● RECORDS FOR PROCESSING:
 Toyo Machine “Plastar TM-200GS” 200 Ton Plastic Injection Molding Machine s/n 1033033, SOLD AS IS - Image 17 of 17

...

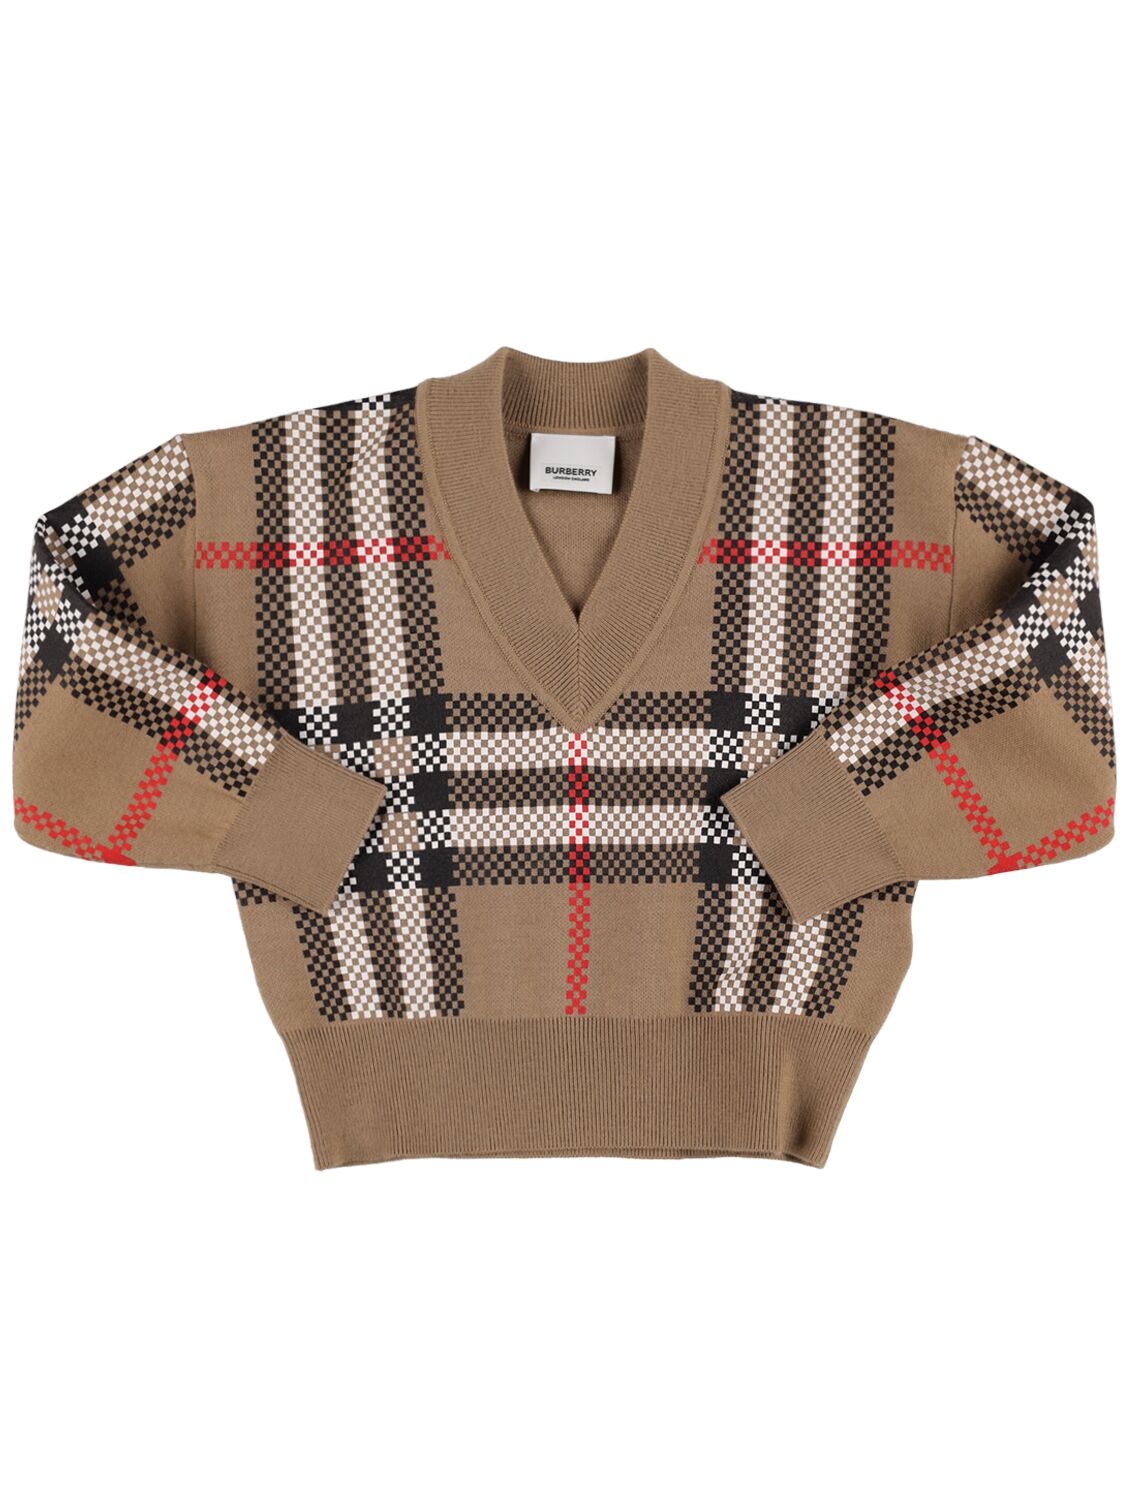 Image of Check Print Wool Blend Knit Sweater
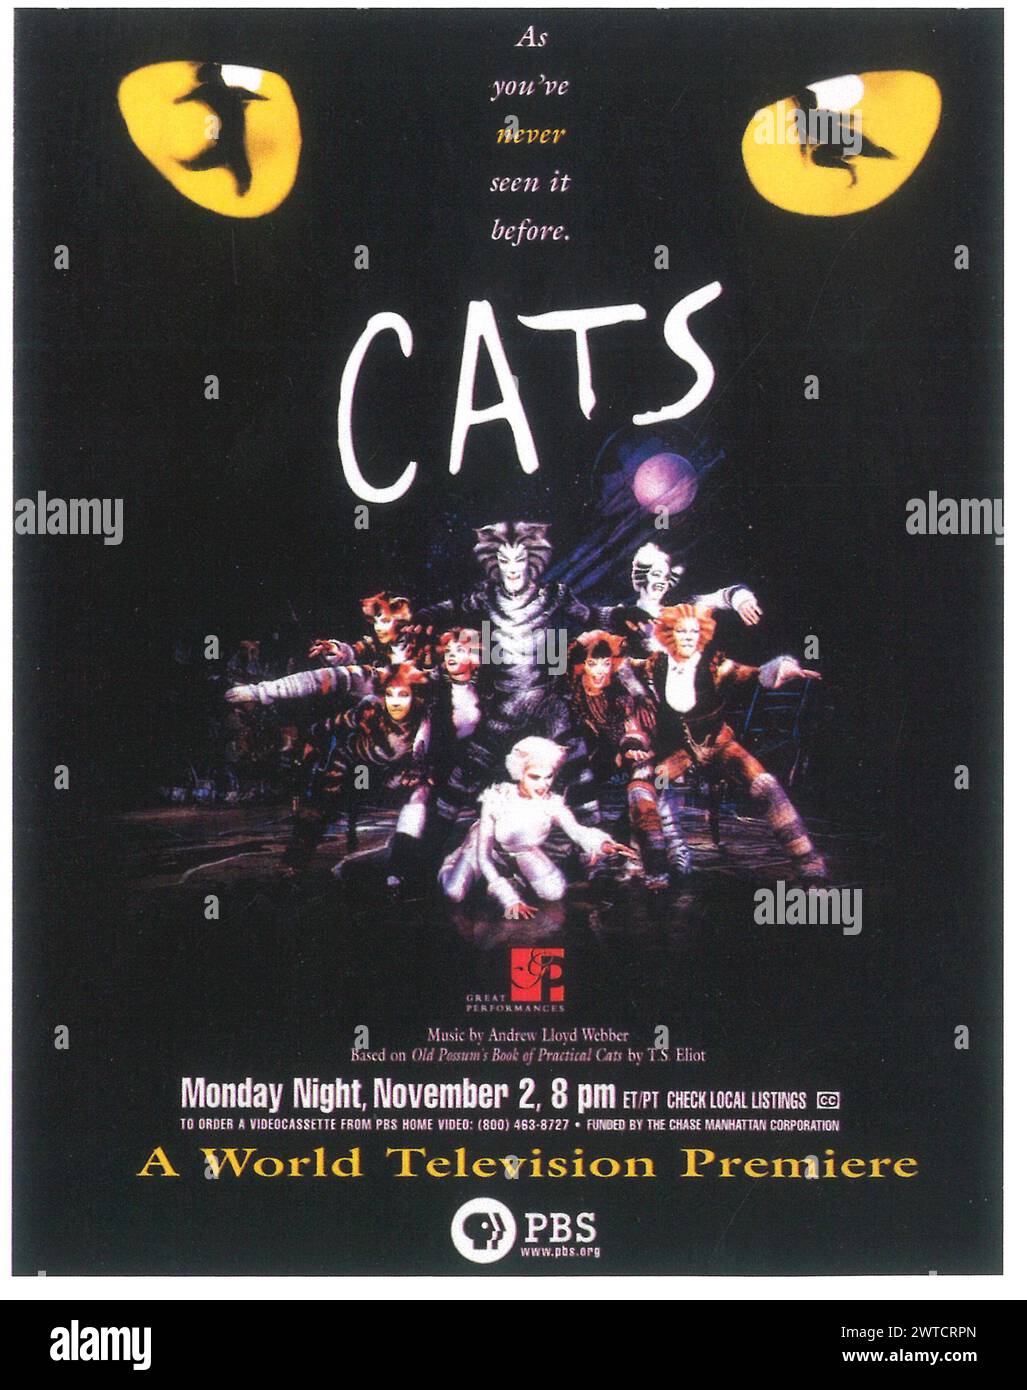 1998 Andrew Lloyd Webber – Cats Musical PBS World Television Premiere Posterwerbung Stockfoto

● EXERCISE GOAL:
Above, find the line with "Image of Check Print Wool Blend Knit Sweater"; copy it and every line down to the line with "1998 Andrew Lloyd", exactly and both included, but no pictures.

● RESULT OF THE TASK:
 Image of Check Print Wool Blend Knit Sweater
 1998 Andrew Lloyd Webber – Cats Musical PBS World Television Premiere Posterwerbung Stockfoto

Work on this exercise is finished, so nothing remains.